可以看到，不同大小及宽高比的锚框对图像中狗的覆盖程度不同。

4.2 交并比

上文提到不同的锚框对图像中狗的覆盖程度不同。
若该目标的真实边界框已知，如何对覆盖程度进行量化？

一种直观的方法是衡量锚框和真实边界框之间的相似度。
Jaccard系数（Jaccard index）可以衡量两个集合的相似度。
给定集合A和B，它们的Jaccard系数即为二者交集大小除以二者并集大小：

实际上，可以把边界框内的像素区域看作像素的集合。
由此，可以用两个边界框的像素集合的Jaccard系数衡量这两个边界框的相似度。

当衡量两个边界框的相似度时，通常将Jaccard系数称为交并比（Intersection over Union，IoU），即两个边界框相交面积与相并面积之比。

如下图所示：

交并比的取值范围在0和1之间：
0表示两个边界框无重合像素，1表示两个边界框相等。

代码实现如下：

def compute_intersection(set_1, set_2):
    """
    计算anchor之间的交集
    Args:
        set_1: a tensor of dimensions (n1, 4), anchor表示成(xmin, ymin, xmax, ymax)
        set_2: a tensor of dimensions (n2, 4), anchor表示成(xmin, ymin, xmax, ymax)
    Returns:
        intersection of each of the boxes in set 1 with respect to each of the boxes in set 2, shape: (n1, n2)
    """
    # tensorflow auto-broadcasts singleton dimensions
    lower_bounds = tf.maximum(tf.expand_dims(set_1[:,:2], axis=1), tf.expand_dims(set_2[:,:2], axis=0)) # (n1, n2, 2)
    upper_bounds = tf.minimum(tf.expand_dims(set_1[:,2:], axis=1), tf.expand_dims(set_2[:,2:], axis=0)) # (n1, n2, 2)
    # 设置最小值
    intersection_dims = tf.clip_by_value(upper_bounds - lower_bounds, clip_value_min=0, clip_value_max=3) # (n1, n2, 2)
    return tf.multiply(intersection_dims[:, :, 0], intersection_dims[:, :, 1]) # (n1, n2)
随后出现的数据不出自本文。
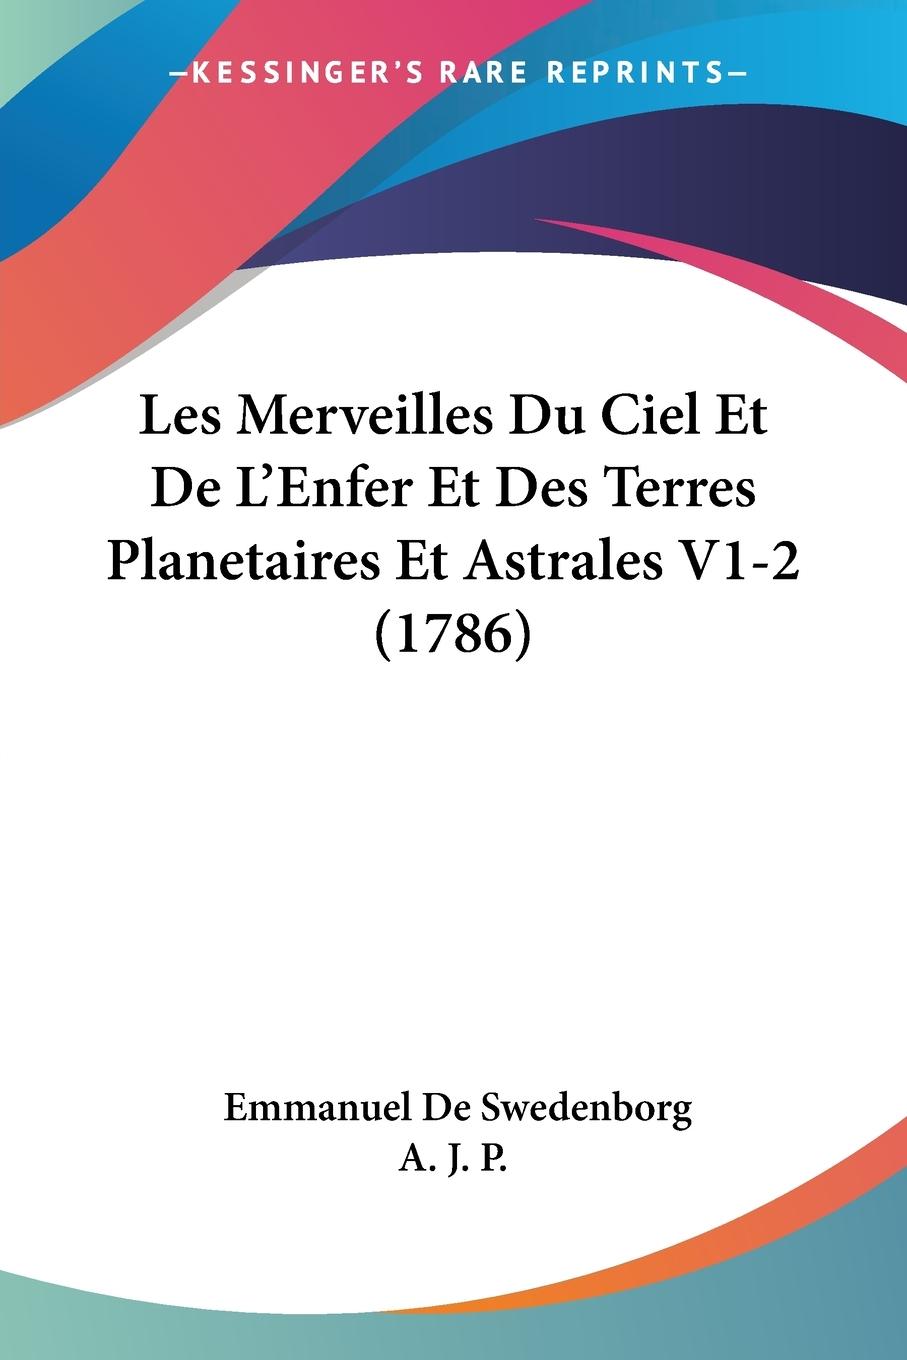 Les Merveilles Du Ciel Et De L Enfer Et Des Terres Planetaires Et Astrales V1-2 (1786) - De Swedenborg, Emmanuel

def compute_jaccard(set_1, set_2):
    """
    计算anchor之间的Jaccard系数(IoU)
    Args:
        set_1: a tensor of dimensions (n1, 4), anchor表示成(xmin, ymin, xmax, ymax)
        set_2: a tensor of dimensions (n2, 4), anchor表示成(xmin, ymin, xmax, ymax)
    Returns:
        Jaccard Overlap of each of the boxes in set 1 with respect to each of the boxes in set 2, shape: (n1, n2)
    """
    # Find intersections
    intersection = compute_intersection(set_1, set_2)

    # Find areas of each box in both sets
    areas_set_1 = tf.multiply(tf.subtract(set_1[:, 2], set_1[:, 0]), tf.subtract(set_1[:, 3], set_1[:, 1]))  # (n1)
    areas_set_2 = tf.multiply(tf.subtract(set_2[:, 2], set_2[:, 0]), tf.subtract(set_2[:, 3], set_2[:, 1]))  # (n2)

    # Find the union
    union = tf.add(tf.expand_dims(areas_set_1, axis=1), tf.expand_dims(areas_set_2, axis=0))  # (n1, n2)
    union = tf.subtract(union, intersection)  # (n1, n2)

    return tf.divide(intersection, union) #(n1, n2)

4.3 标注训练集的锚框

在训练集中，将每个锚框视为一个训练样本。

为了训练目标检测模型，需要为每个锚框标注两类标签：
一是锚框所含目标的类别，简称类别；
二是真实边界框相对锚框的偏移量，简称偏移量（offset）。

在目标检测时，首先生成多个锚框，然后为每个锚框预测类别以及偏移量，接着根据预测的偏移量调整锚框位置从而得到预测边界框，最后筛选需要输出的预测边界框。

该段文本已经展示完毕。